Cosmological perturbation theory of primordial compact sources

TL;DR

This paper develops a position-space cosmological perturbation theory to model localized primordial sources of gravitational waves, providing exact solutions and Green's functions for various cosmologies.

Contribution

It introduces a gauge-based approach avoiding scalar-vector-tensor decomposition and derives explicit Green's functions for power law cosmologies.

Findings

Exact Green's function expressed as a hypergeometric function.

Closed form of linearized metric perturbation up to quadrupolar order.

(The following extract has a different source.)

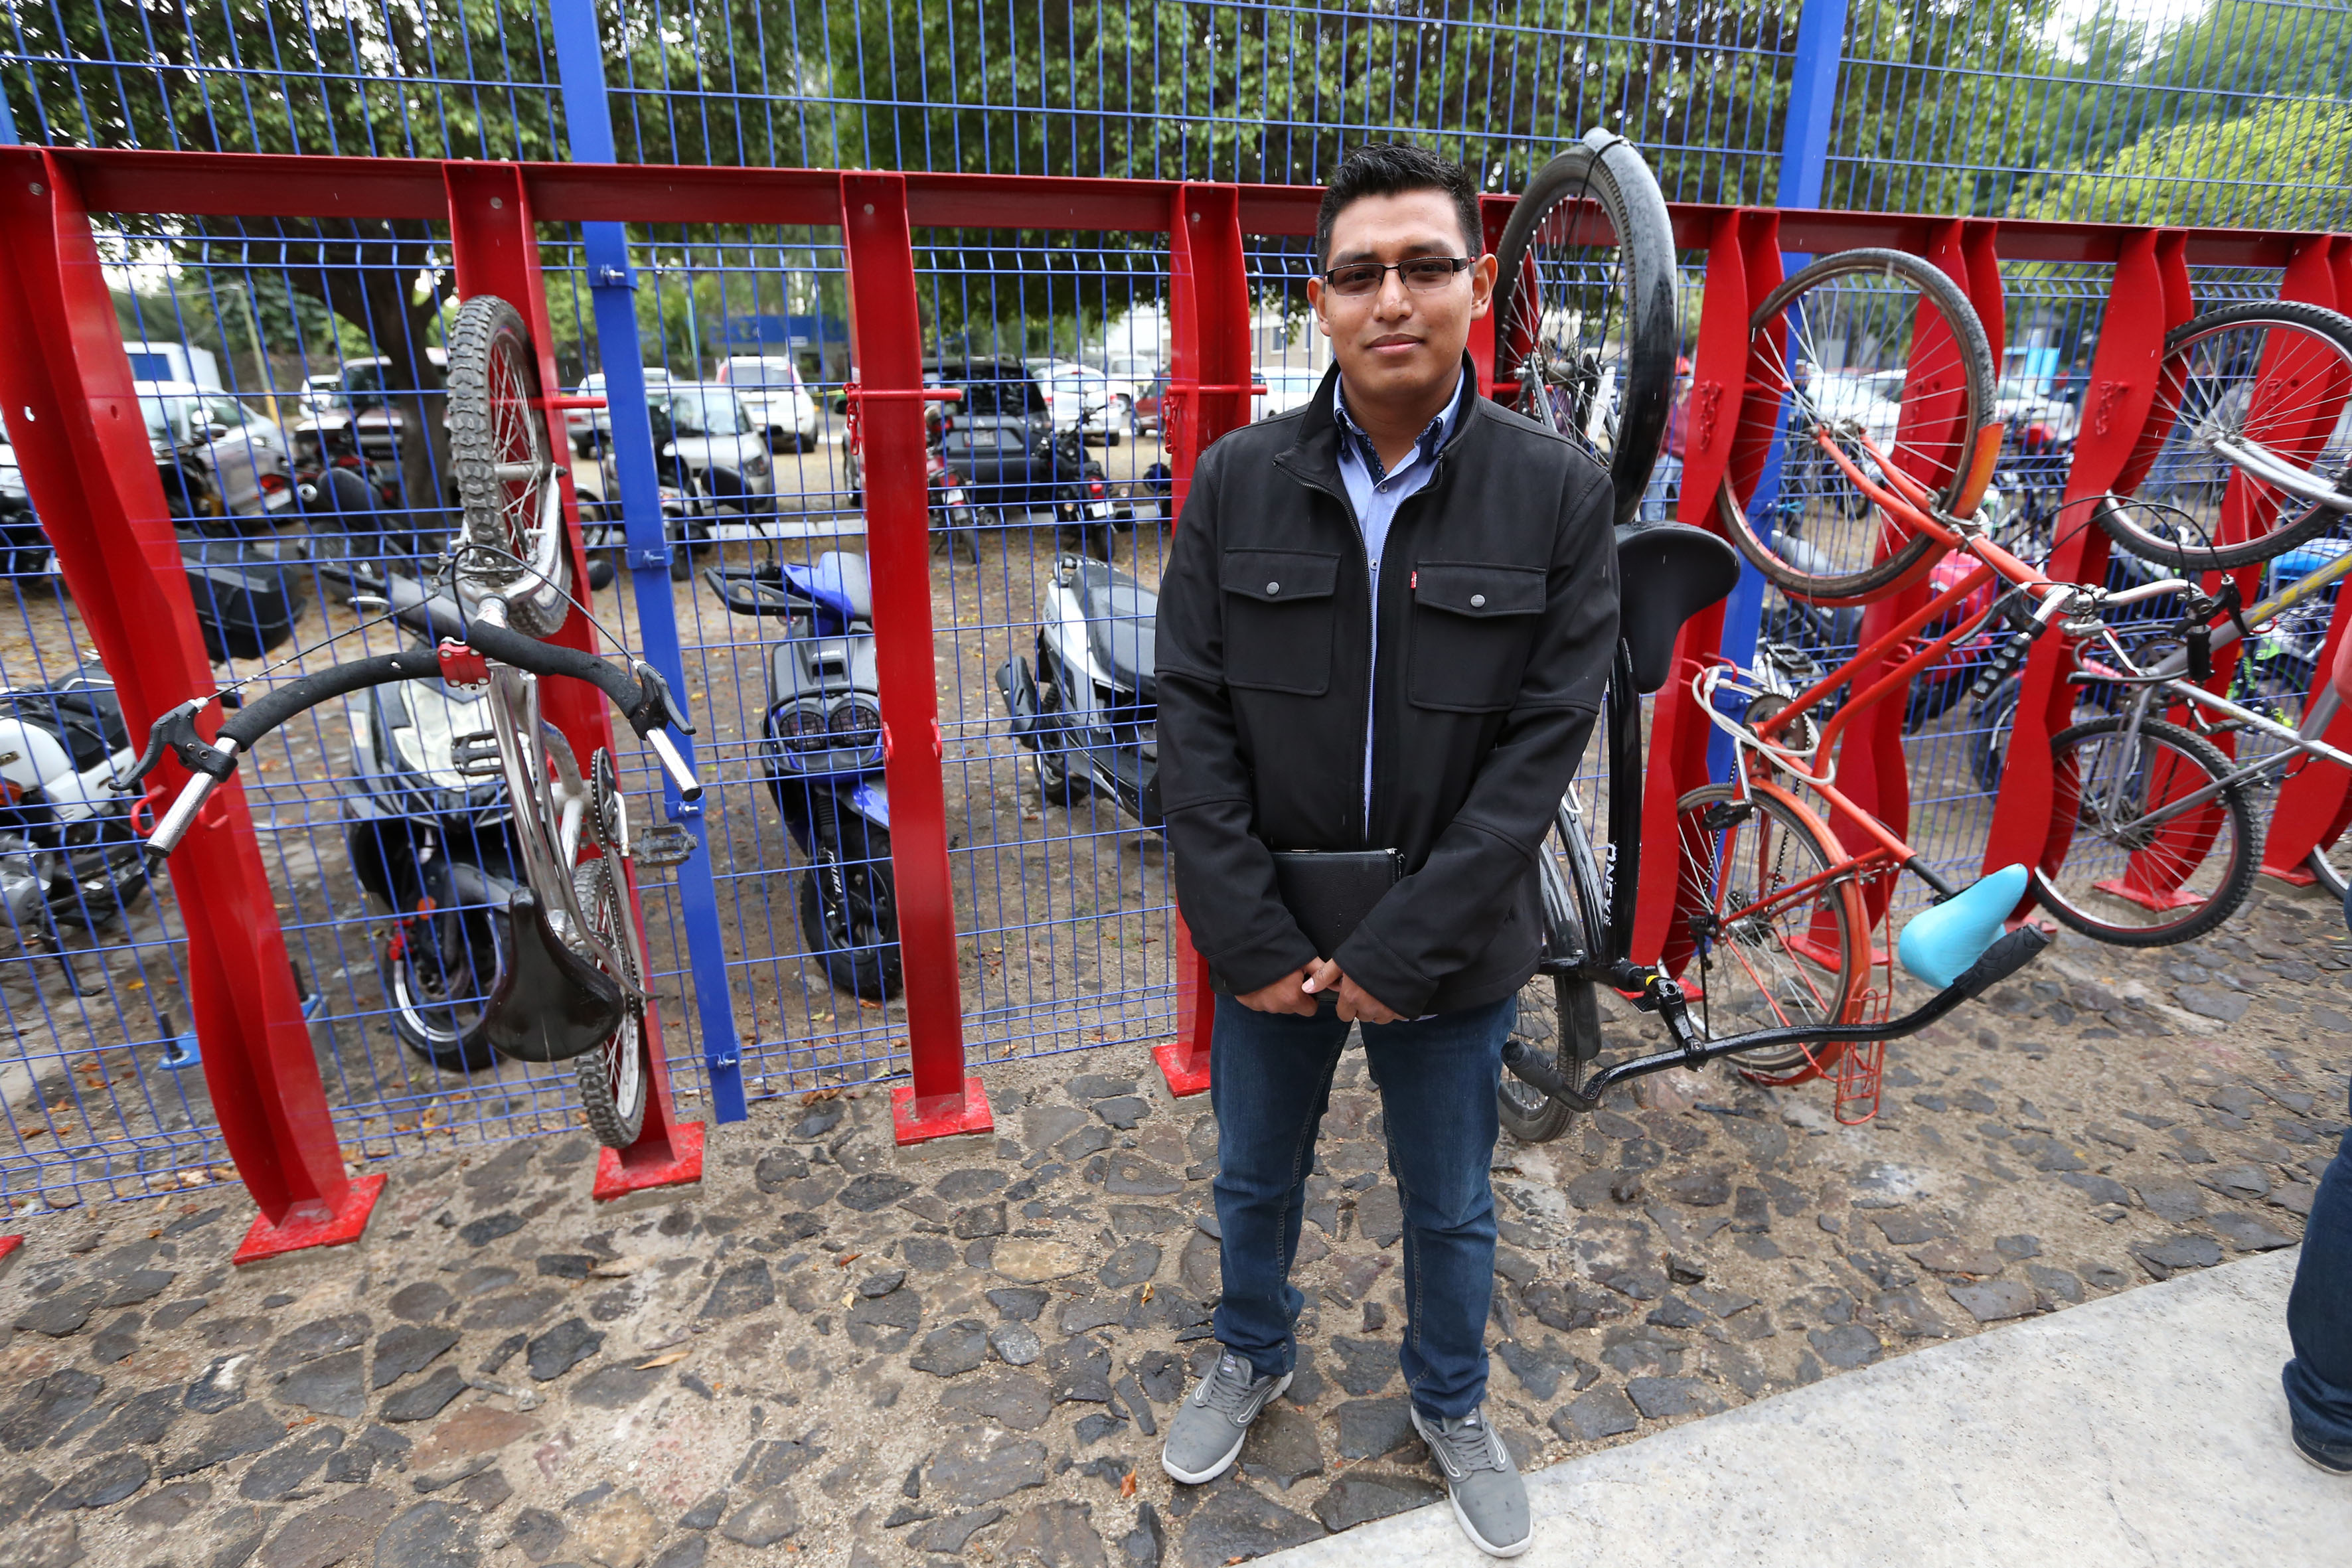 Hombre parado delante de los puertos de bicicletas

Sources cannot be generally localized due to cosmic fluid fluctuations.

Abstract

We construct a position-space cosmological perturbation theory around spatially flat Friedmann-Lema\^itre-Robertson-Walker geometries that allows to model localized primordial sources of gravitational waves. The equations of motion are decoupled using a generalized harmonic gauge, which avoids the use of a scalar-vector-tensor decomposition. We point out that sources cannot generically be defined in a compact domain due to fluctuations of the cosmic perfect fluid. For power law cosmologies, we obtain the exact Green's function necessary to solve for all metric perturbations in terms of a hypergeometric function, which matches with a Green's function derived earlier by Chu. This allows us to derive the closed form expression of the linearized metric perturbation generated by sources up to quadrupolar order in the multipolar expansion.